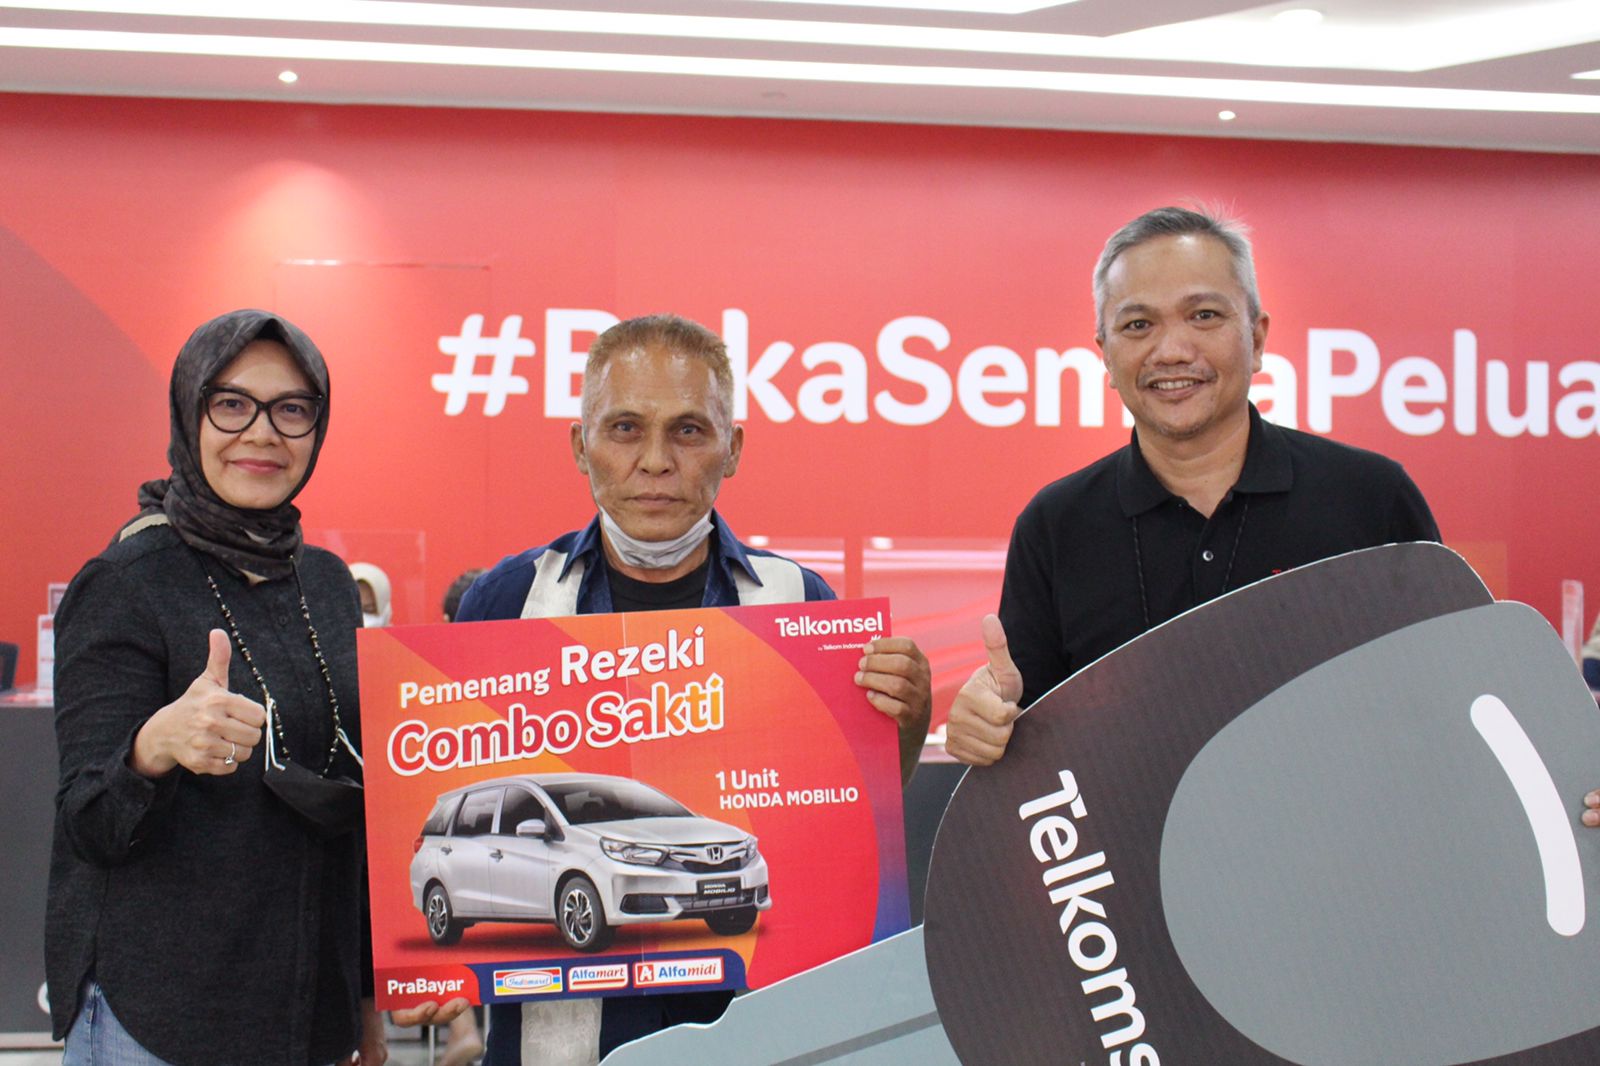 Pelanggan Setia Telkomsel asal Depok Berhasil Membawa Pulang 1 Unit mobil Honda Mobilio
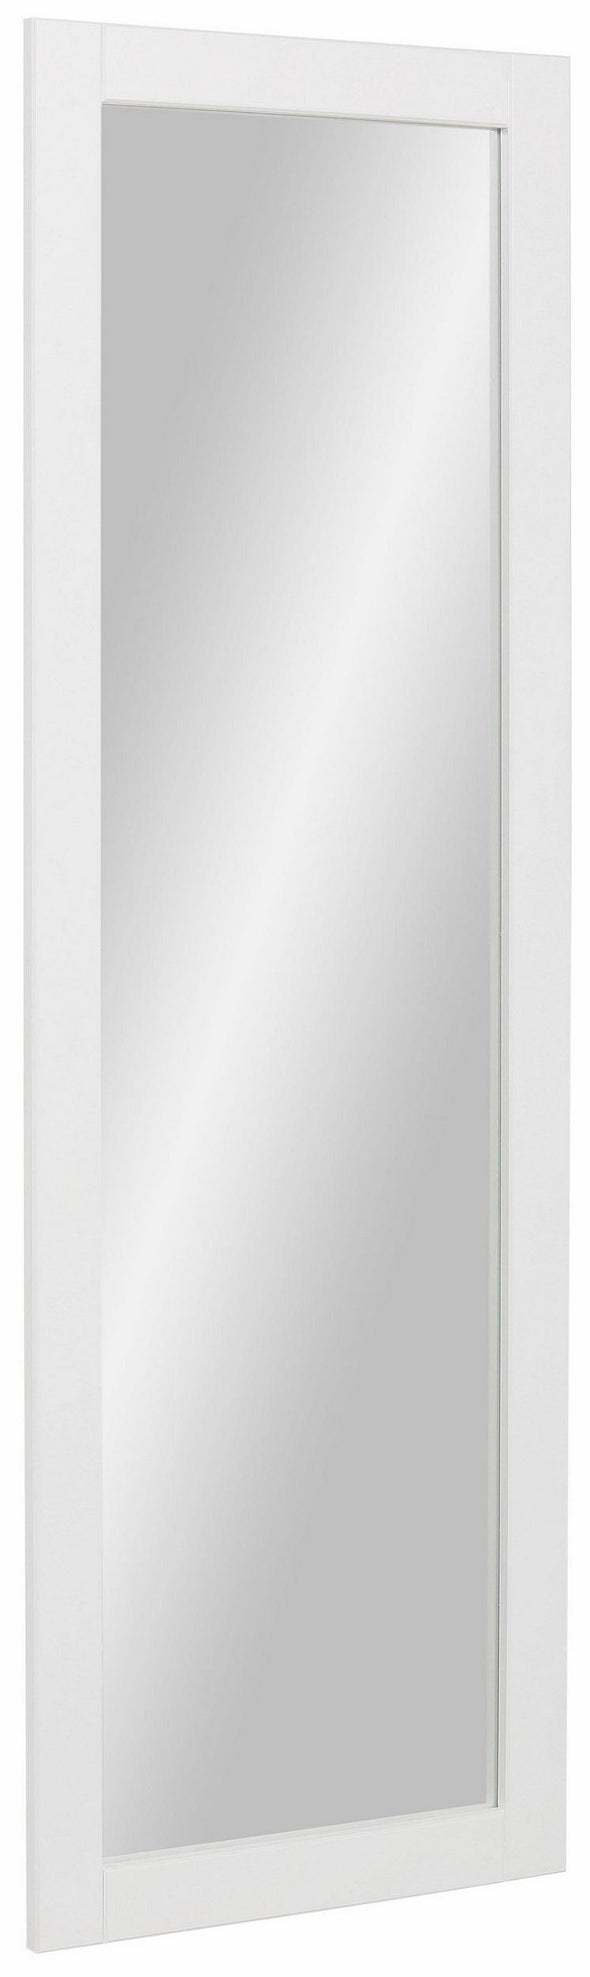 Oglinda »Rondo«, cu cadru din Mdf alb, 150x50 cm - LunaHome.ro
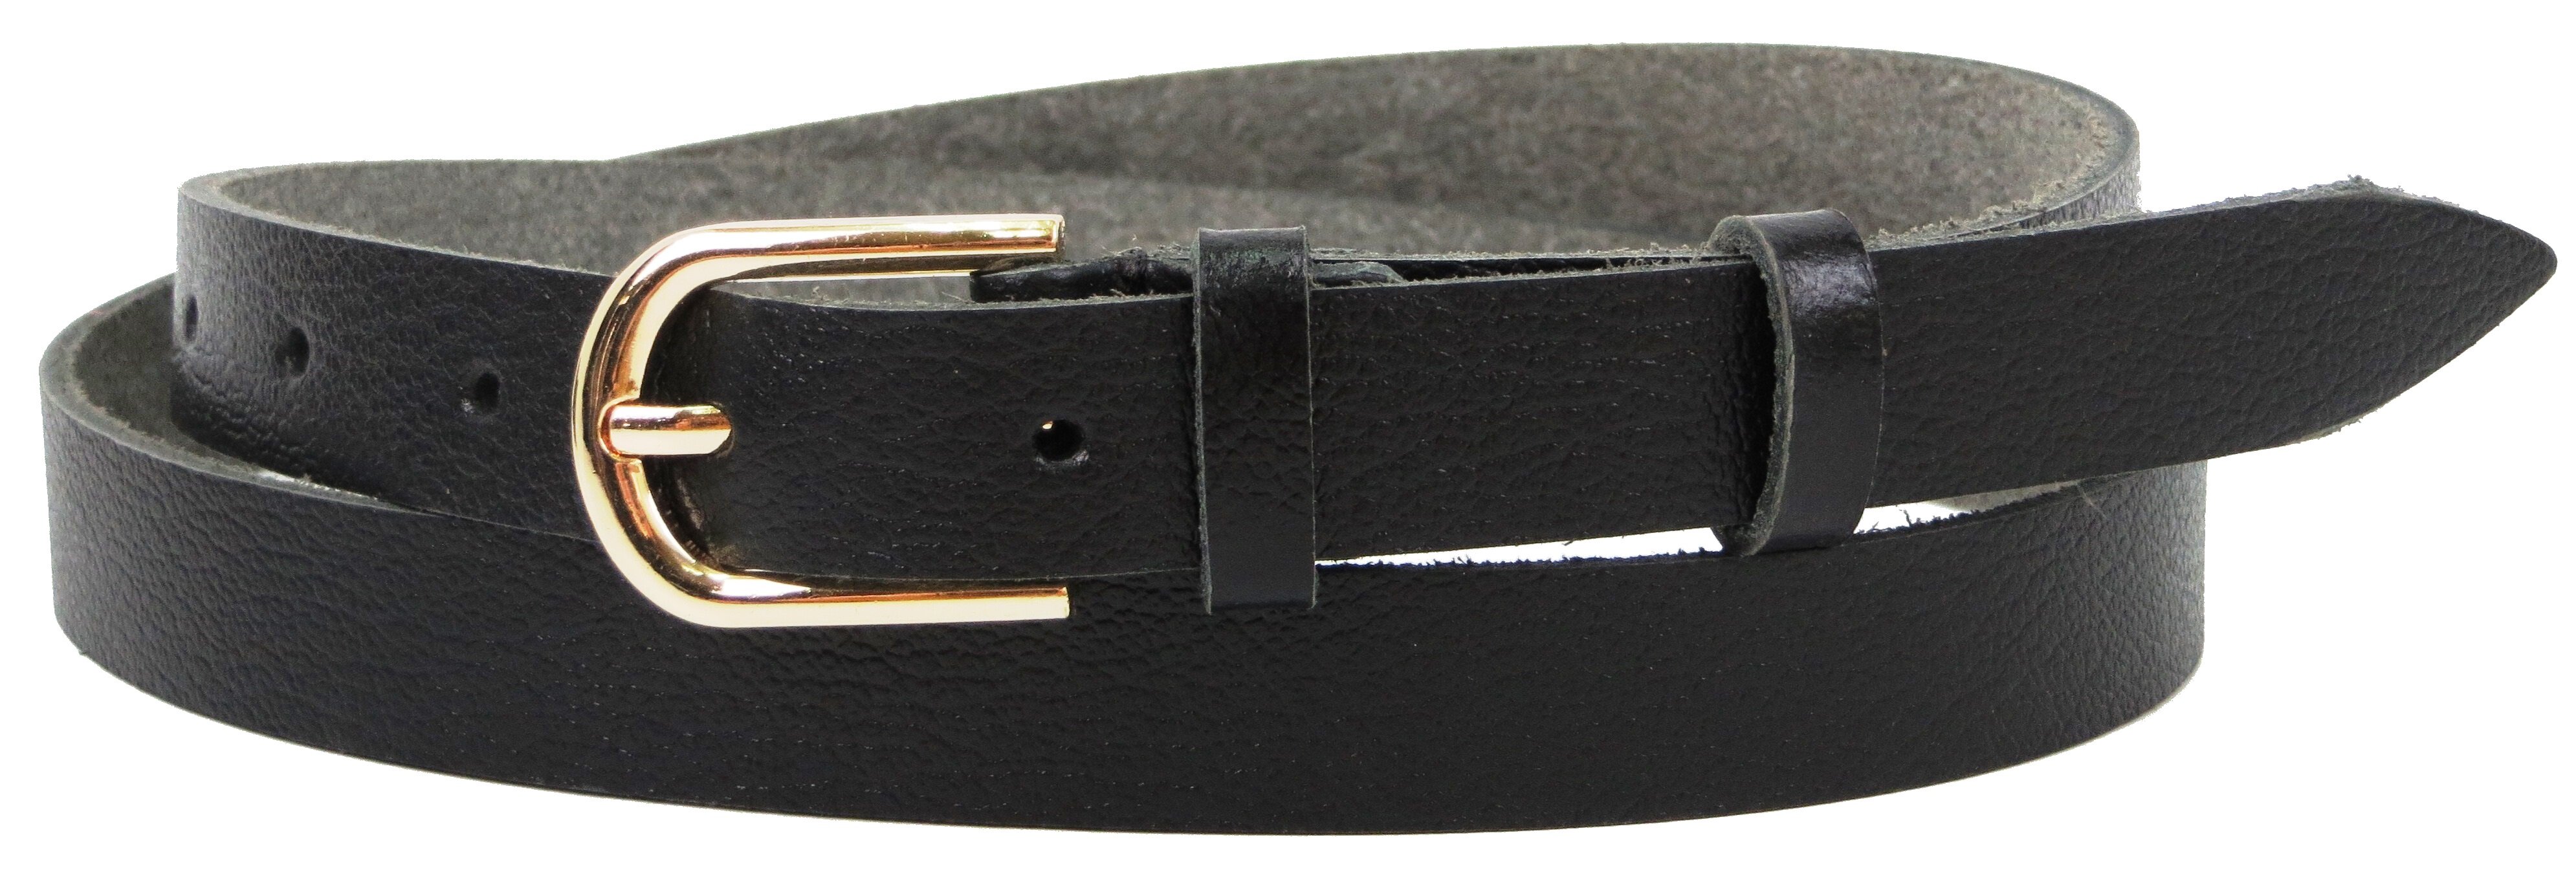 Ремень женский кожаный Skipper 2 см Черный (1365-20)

§ §

**WORK REQUIRED:** Skip every picture and retype only the lines from the line with "cm - LunaHome.ro" through the last line of the listing, both ends included, exactly as they appear.

**ANSWER TO THIS TASK:**
 Oglinda »Rondo«, cu cadru din Mdf alb, 150x50 cm - LunaHome.ro
 Ремень женский кожаный Skipper 2 см Черный (1365-20)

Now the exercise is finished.